WRT the stuff you mentioned specifically:
- He shouldn't be brushing his teeth - not until he's much older. Teeth in our place are non-negotiable. If DS1 doesn't want them brushed, he gets pinned. We always do it after he's dressed in the morning and after his bath in the evening. Knowing that this is when he always gets his teeth done means DS1 knows to expect it and he's kicking off less and less about it. Would having set times like this help you?
- I'm learning to get over TV guilt. I'm not one of these people, but some do have the TV on from the time they get up in the morning til the time they go to bed at night and still manage not to be drooling morons grin
- Tantrums. You do have to pick your battles I find, and what do you mean 'you give in'? DS1 threw a paddy when I wouldn't let him run out on the road the other day. Would you give in to that? Thought not. Sometimes what a toddler wants is really not unreasonable, or easily accommodateable. They want a blue cup instead of a green one? Fine - transfer it over, or, better yet, get in the habit of giving them a choice before you pour anything out. Screaming tanty because they want a biscuit two minutes before dinner? Say 'no' and walk away. Easy. smile
- Beige food. I did baby-led weaning with a massive variety of fresh veg, fruit, grains, pulses, breads, everything lovingly homemade and salt-controlled. DS1 (2.8yo) eats nothing but beige, golden brown and ice cream, except at nursery where peer pressure convinces him to have a slightly more colourful diet. So, no. It's not your fault for using jars. Just keep offering a variety and not making mealtimes a massive deal. Don't fall into the trap of saying, 'I can't make that, because he won't eat it.' Just make it and maybe curiosity will get the better of him this time. Or the next time. Or the next.
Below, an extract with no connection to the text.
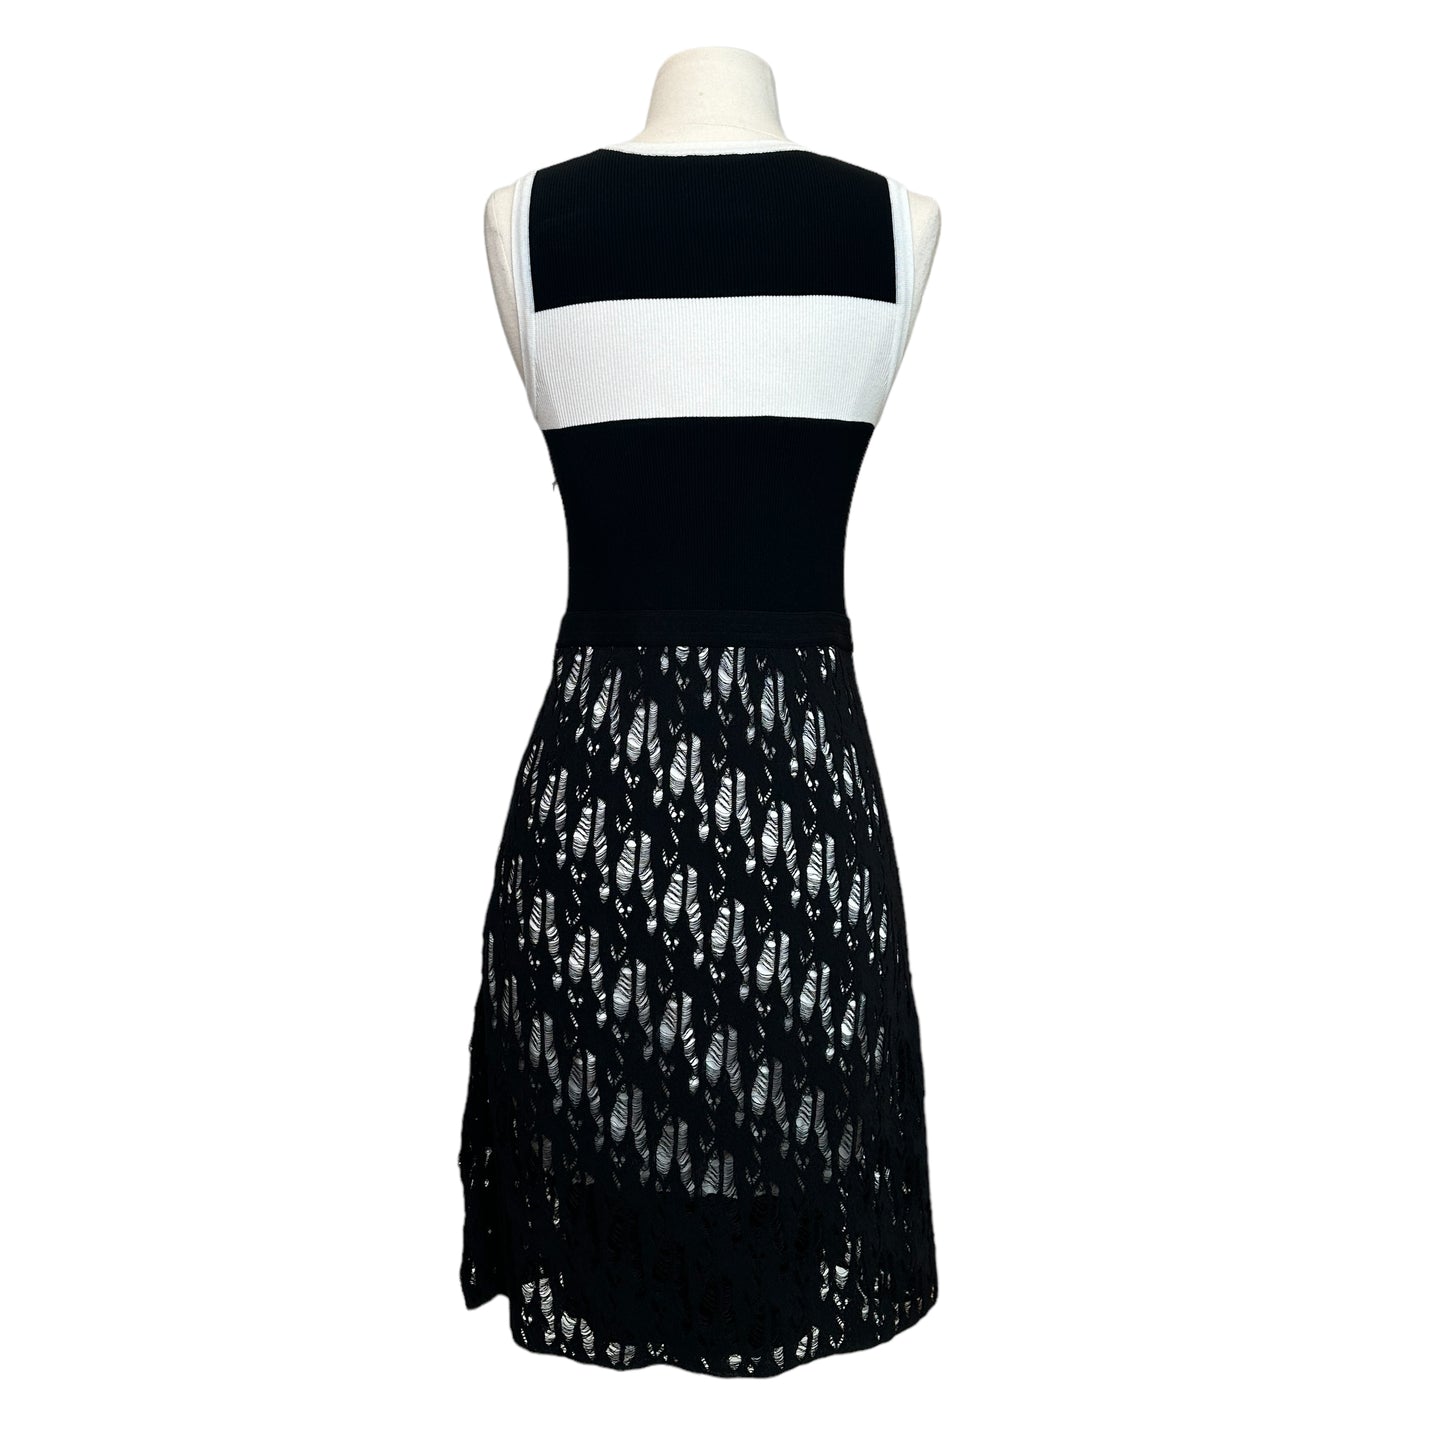 Black & White Distressed Dress - S

milkyman Thu 05-Feb-15 14:26:45

I suppose I do have boundaries, no hitting and today he was told off for scribbling on the wall. I have set up a tooth brush step and ordered electronic toothbrush - he is impossible to pin down, even the dentist couldnt open his mouth.. I do offer him lots of food but he never eats it but he does love all fruit so guess im not sooo bad...
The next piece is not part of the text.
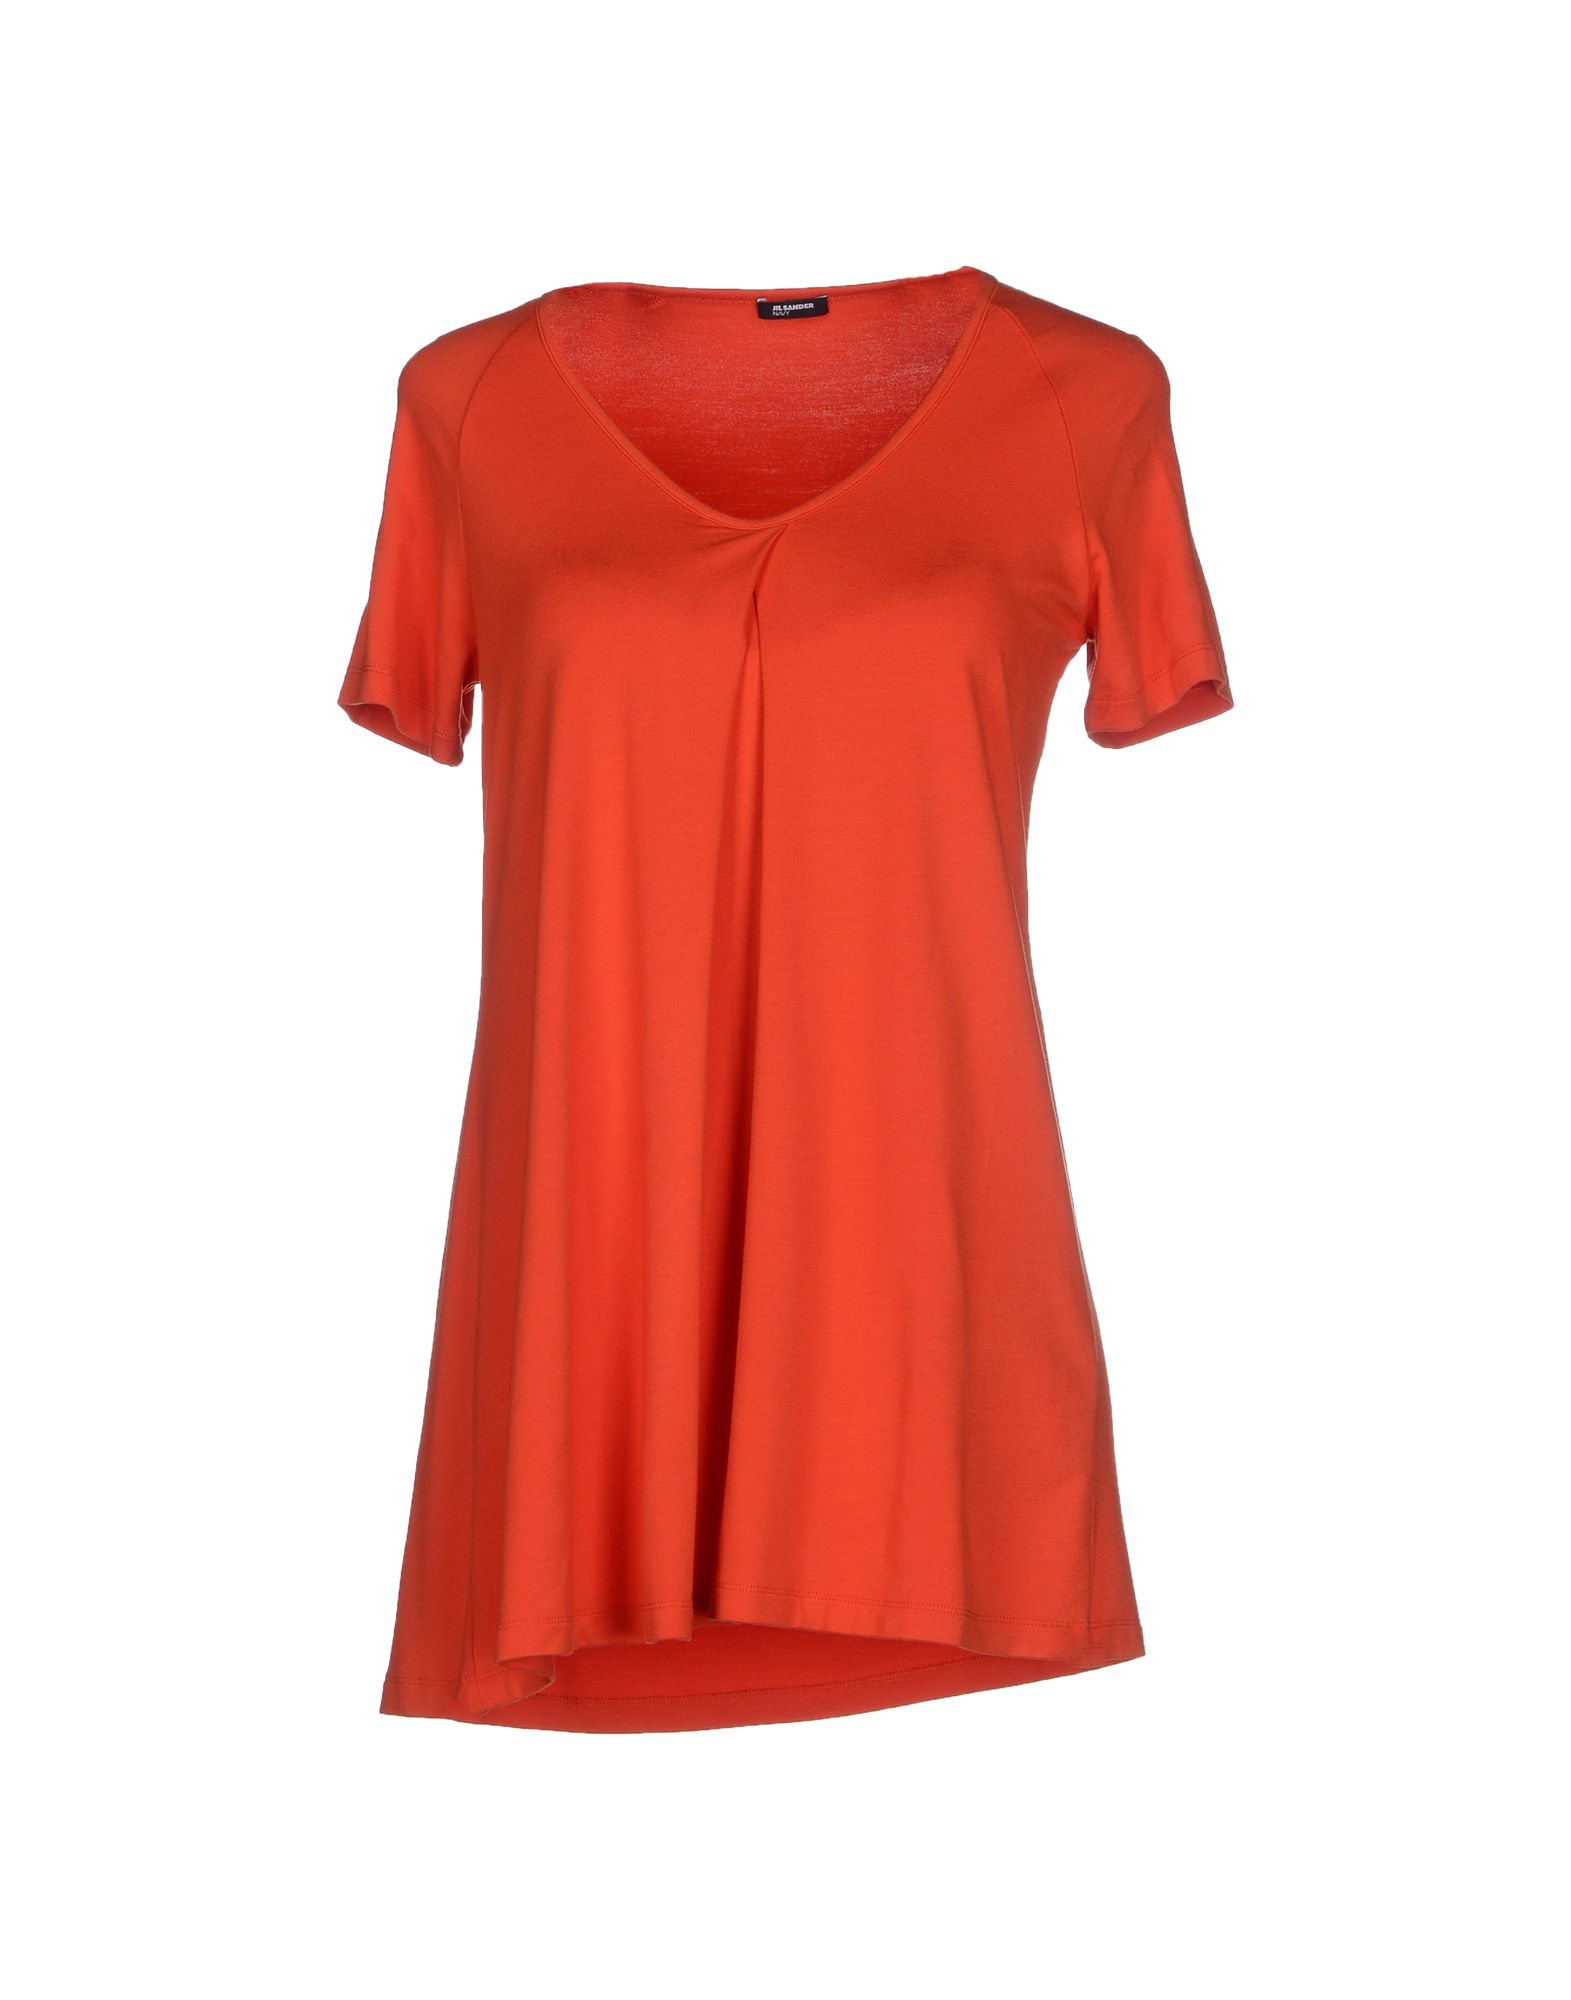 JIL SANDER NAVY T-shirt Arancione Donna e Top

NickyEds Thu 05-Feb-15 15:38:54

I reckon the two battles to fight here are the teeth and the giving in. All two year olds have tantrums, there's nothing wrong with c beebies and if you keep offering him a variety of food eventually he'll take it. The electric toothbrush is a good idea, my friend had one that played a tune for a set time so that they knew when they'd "done enough".
On big stuff you just can't give in. Mine's only 13 months so we're just starting down the hellish road that is tantrums but I remember my nieces' were the stuff of legends. She once had a screaming tantrum for over an hour because she wasn't allowed to have a knife to stab her brother. She was 2. I shit you not. Be firm and calm, they can smell fear. Try not to take it personally, it's not about you and your parenting skills, it's about being two and having to realise that you can't always get what you want.
Fruit is not beige so he won't only eat beige stuff!